======== Material for this task ========

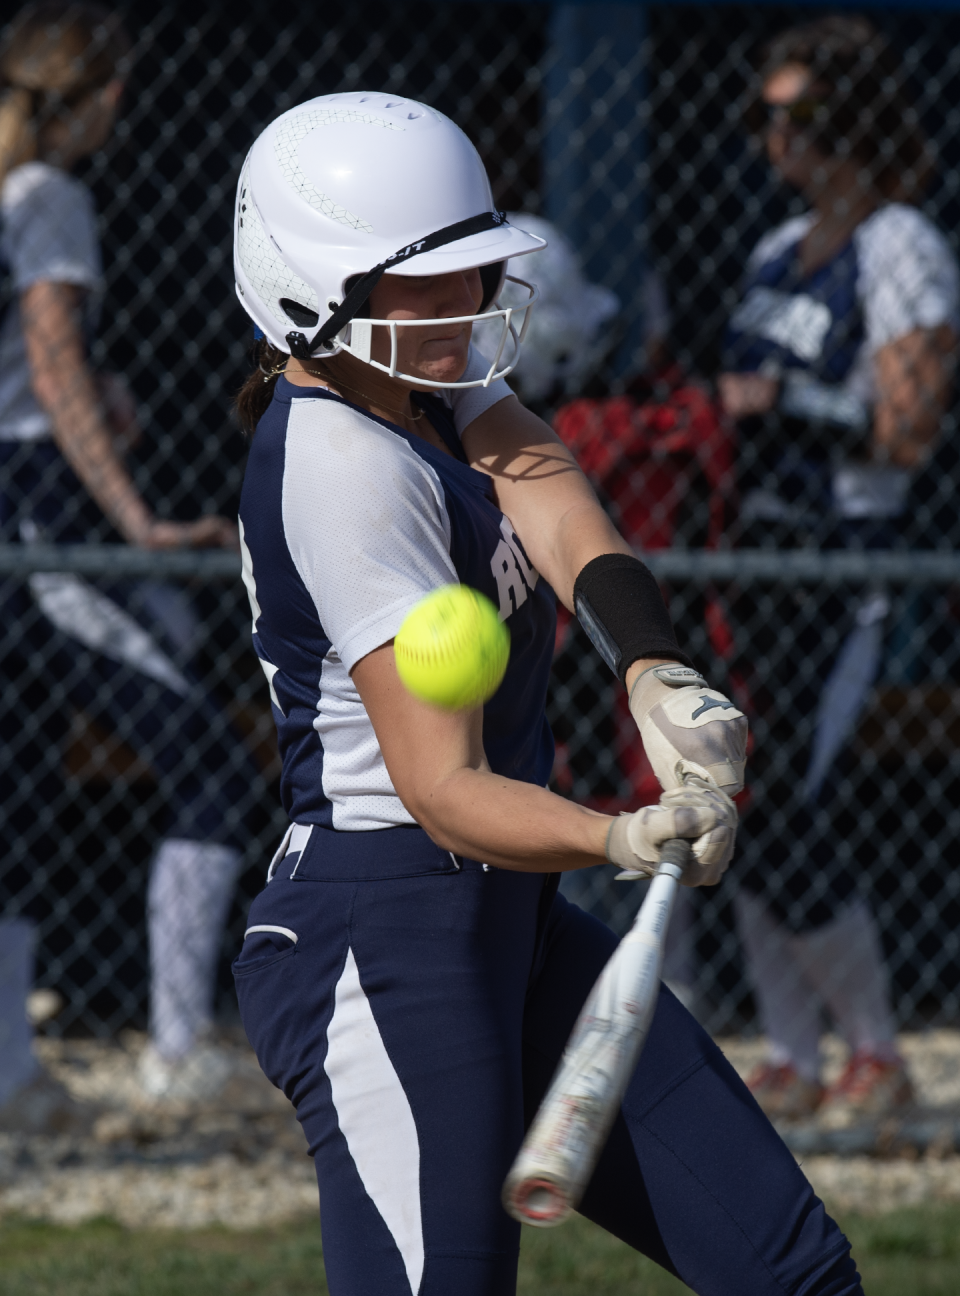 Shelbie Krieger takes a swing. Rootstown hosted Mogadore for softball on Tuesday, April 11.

========
======== Material for this task ========

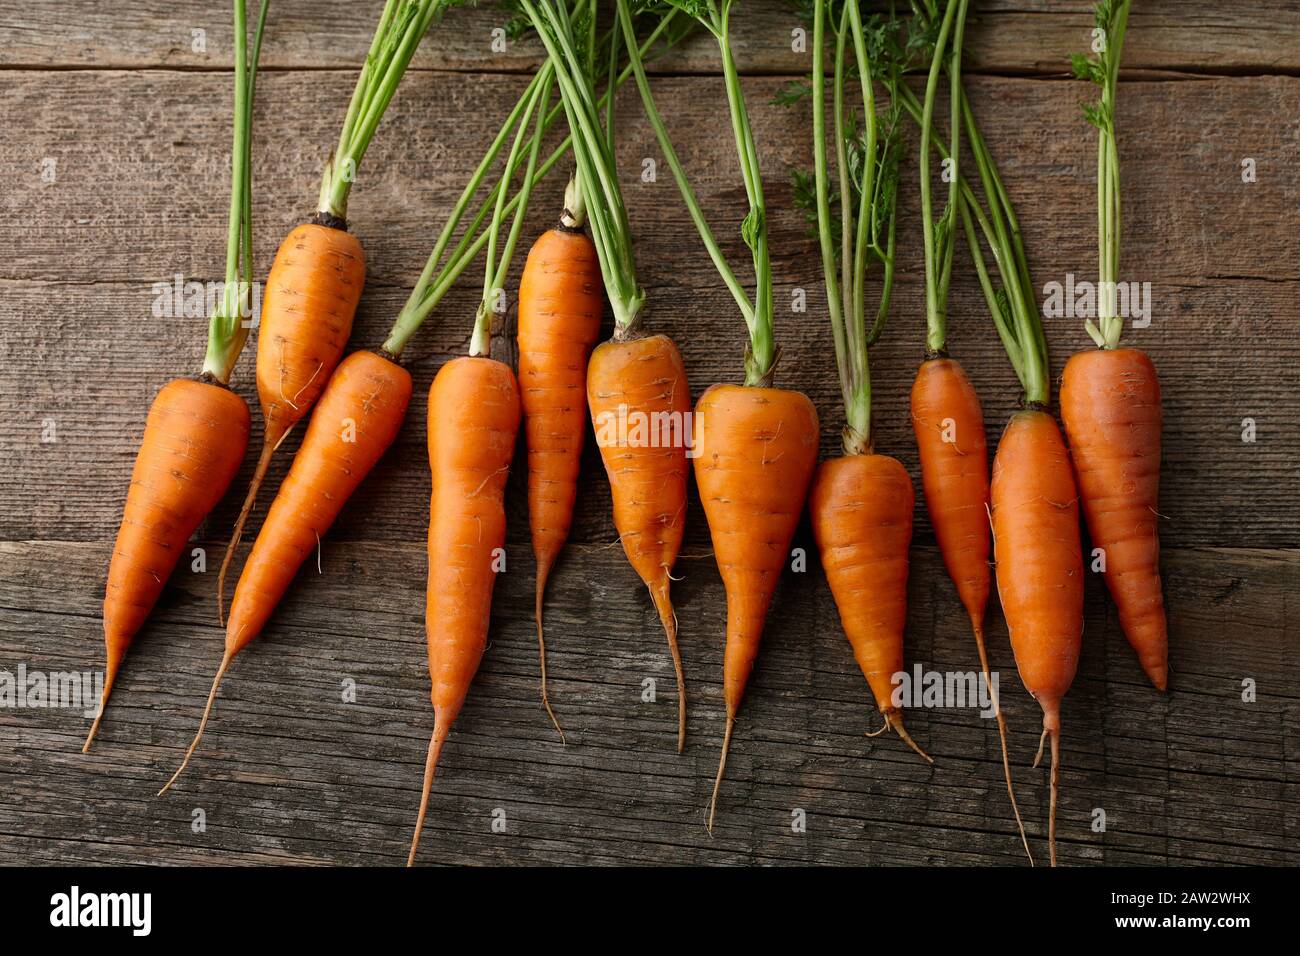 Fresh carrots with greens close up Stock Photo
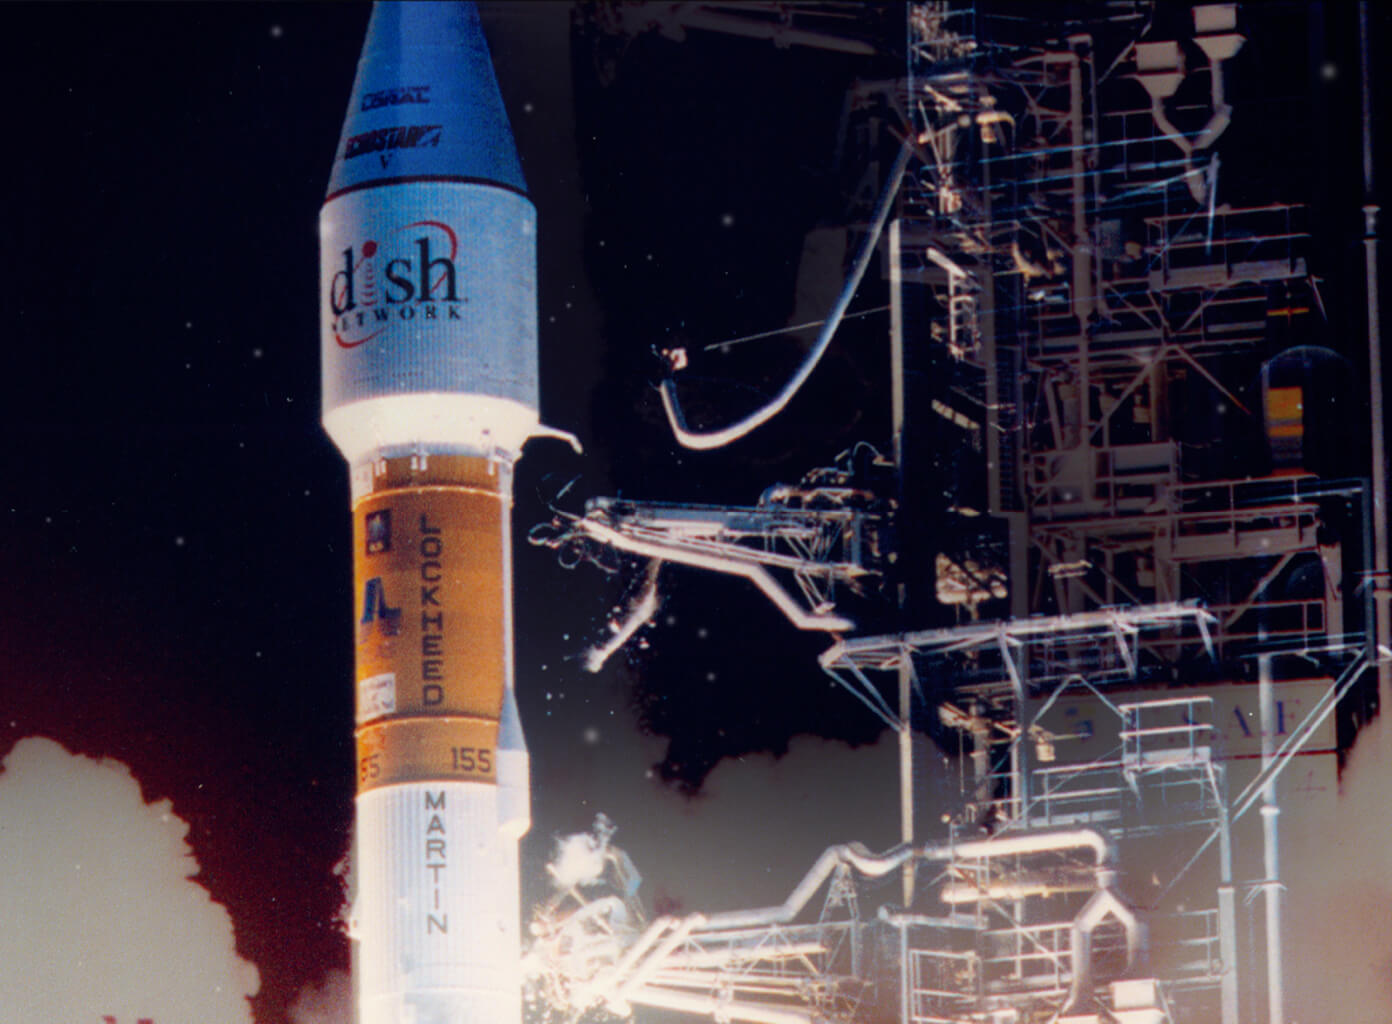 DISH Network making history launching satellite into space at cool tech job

========

• _Try it_: Above are the records. Copy word for word only their lines from the one holding "Fresh carrots with" through the one holding "DISH Network making", both included, and skip the images.

• _Output_:
 Fresh carrots with greens close up Stock Photo
 DISH Network making history launching satellite into space at cool tech job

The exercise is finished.